Thanks for your kindly help!

Jul 12 '21 10:07 bugsuse

I expect you already made sure the model runs when doing a forward pass without Zennit? (I.e., without the Attributor context) Could you supply the model you are using? There may be a problem when passing tuples instead of tensors between layers, is this the case for you?

Jul 12 '21 14:07 chr5tphr

@bugsuse also, you set the output_relevance twice: in the beginning output_relevance = torch.zeros_like(output) and in the loop later output_relevance = torch.zeros_like(torch.squeeze(target))

output_relevance should have the same shape as output. torch.zeros_like(torch.squeeze(target)) could have the wrong shape.

Jul 12 '21 15:07 maxdreyer

@chr5tphr Yeah, I load directly pretrained weights. I'm using Unet model. More codes is below,

class UNetCanonizer(SequentialMergeBatchNorm):
    '''Canonizer for torchvision.models.vgg* type models. This is so far identical to a SequentialMergeBatchNorm'''

MODELS = {
    'vgg16': (vgg16, VGGCanonizer),
    'vgg16_bn': (vgg16_bn, VGGCanonizer),
    'resnet50': (resnet50, ResNetCanonizer),
    'unet': (Unet(), UNetCanonizer)
}

ATTRIBUTORS = {
    'gradient': Gradient,
    'smoothgrad': SmoothGrad,
    'integrads': IntegratedGradients,
    'occlusion': Occlusion,
}


class BatchNormalize:
    def __init__(self, mean, std, device=None):
        self.mean = torch.tensor(mean, device=device)[None, :, None, None]
        self.std = torch.tensor(std, device=device)[None, :, None, None]

    def __call__(self, tensor):
        return (tensor - self.mean) / self.std


class AllowEmptyClassImageFolder(ImageFolder):
    '''Subclass of ImageFolder, which only finds non-empty classes, but with their correct indices given other empty
    classes. This counter-acts the changes in torchvision 0.10.0, in which DatasetFolder does not allow empty classes
    anymore by default. Versions before 0.10.0 do not expose `find_classes`, and thus this change does not change the
    functionality of `ImageFolder` in earlier versions.
    '''
    def find_classes(self, directory):
        with os.scandir(directory) as scanit:
            class_info = sorted((entry.name, len(list(os.scandir(entry.path)))) for entry in scanit if entry.is_dir())
        class_to_idx = {class_name: index for index, (class_name, n_members) in enumerate(class_info) if n_members}
        if not class_to_idx:
            raise FileNotFoundError(f'No non-empty classes found in \'{directory}\'.')
        return list(class_to_idx), class_to_idx

COMPOSITES.update({'upsample_epsilon_gamma_box': UpsampledEpsilonGammaBox})

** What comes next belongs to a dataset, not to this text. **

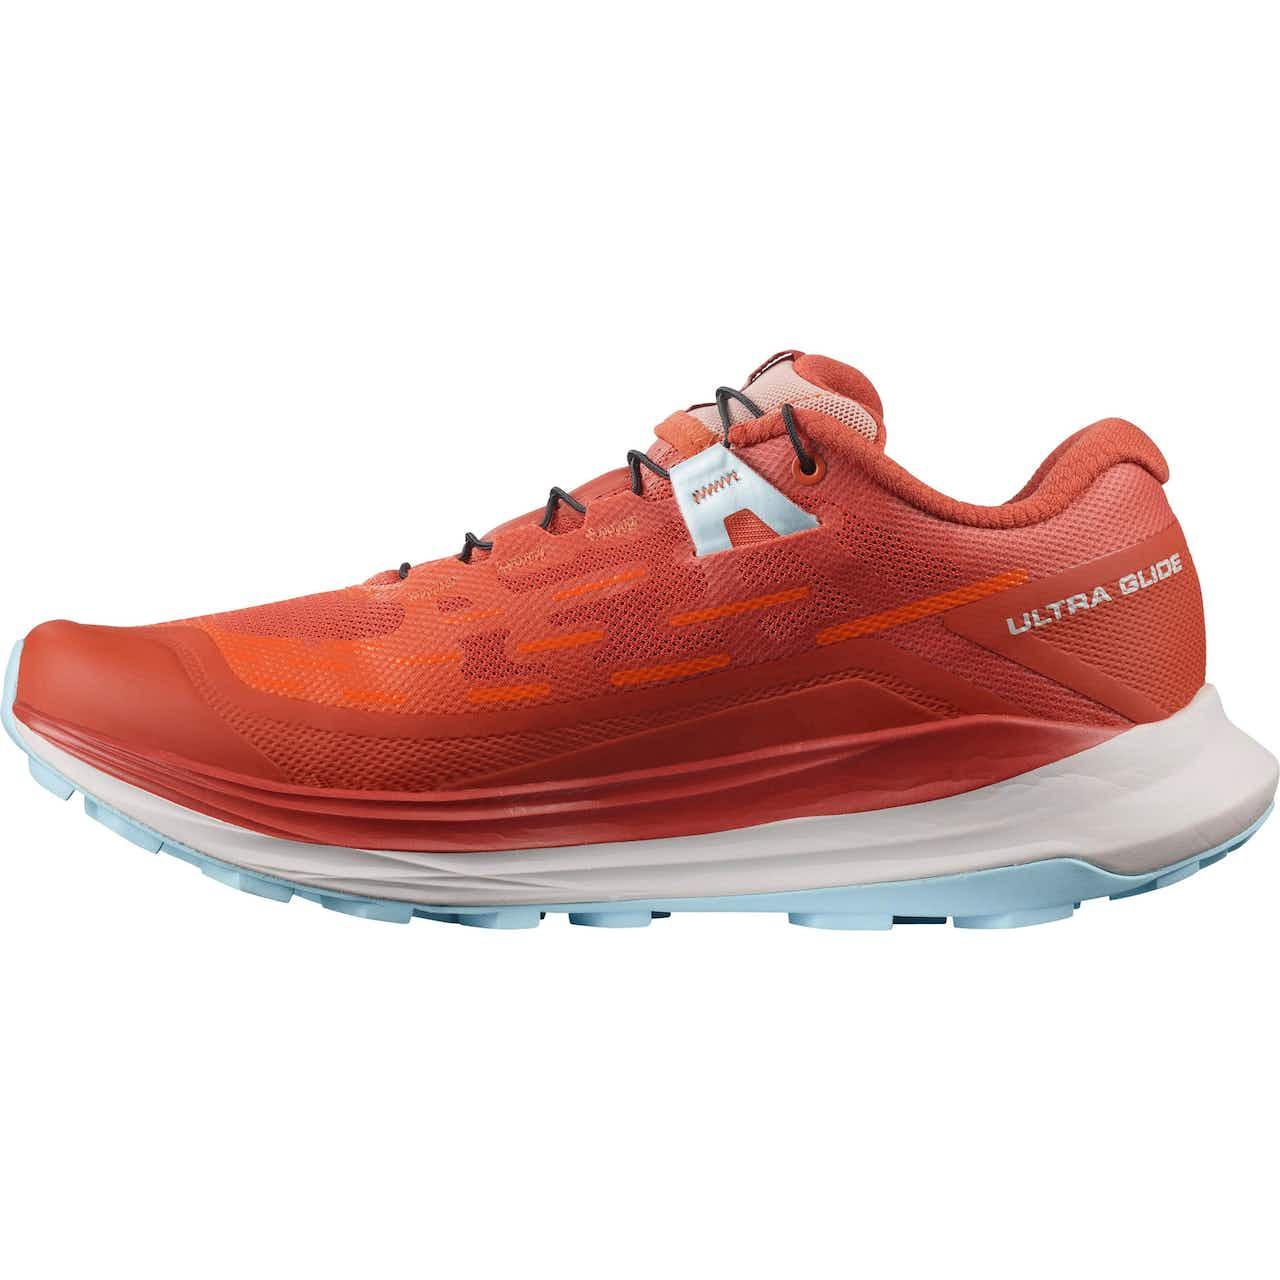 Salomon ULTRA GLIDE W Trailrunning Schuhe Damen

model = Unet(num_channels_in,  num_channels_out)
model = model.load_from_checkpoint('results/weight/unet_ci-unet-epoch=28-val_loss=101.73.ckpt', 
                                   hparams_file='results/log/unet/version_0/hparams.yaml')

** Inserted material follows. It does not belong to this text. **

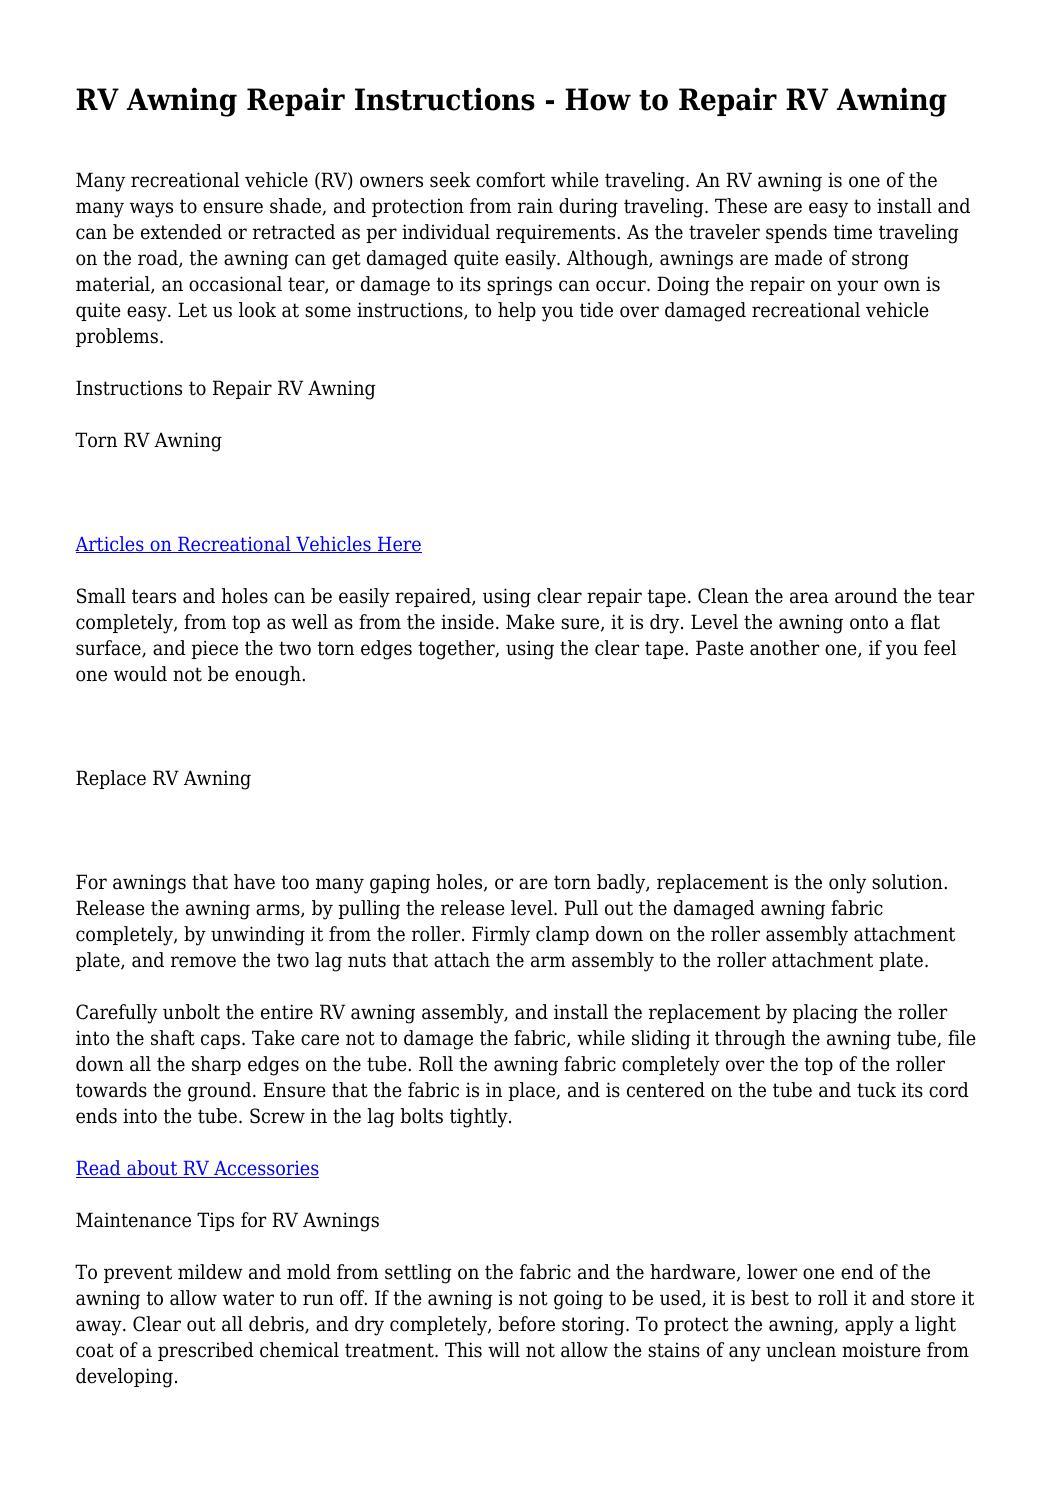 RV Awning Repair Instructions - How to Repair RV Awning by  snottyexpenditu68 - issuu

attributor_name = 'gradient'  
composite_name = 'upsample_epsilon_gamma_box'  
model_name = 'unet'  
batch_size = 16      
shuffle = False
relevance_norm = 'symmetric' 
cmap = 'coldnhot'   
level = 1.0    
seed = 21  
cpu = True

# create a composite if composite_name was set, otherwise we do not use a composite
composite = None
if composite_name is not None:
    composite_kwargs = {}
    if composite_name == 'upsample_epsilon_gamma_box':
        # the maximal input shape, needed for the ZBox rule
        shape = (batch_size, 64, 64)

        # the highest and lowest pixel values for the ZBox rule
        composite_kwargs['low'] = torch.zeros(*shape, device=device)
        composite_kwargs['high'] = torch.ones(*shape, device=device)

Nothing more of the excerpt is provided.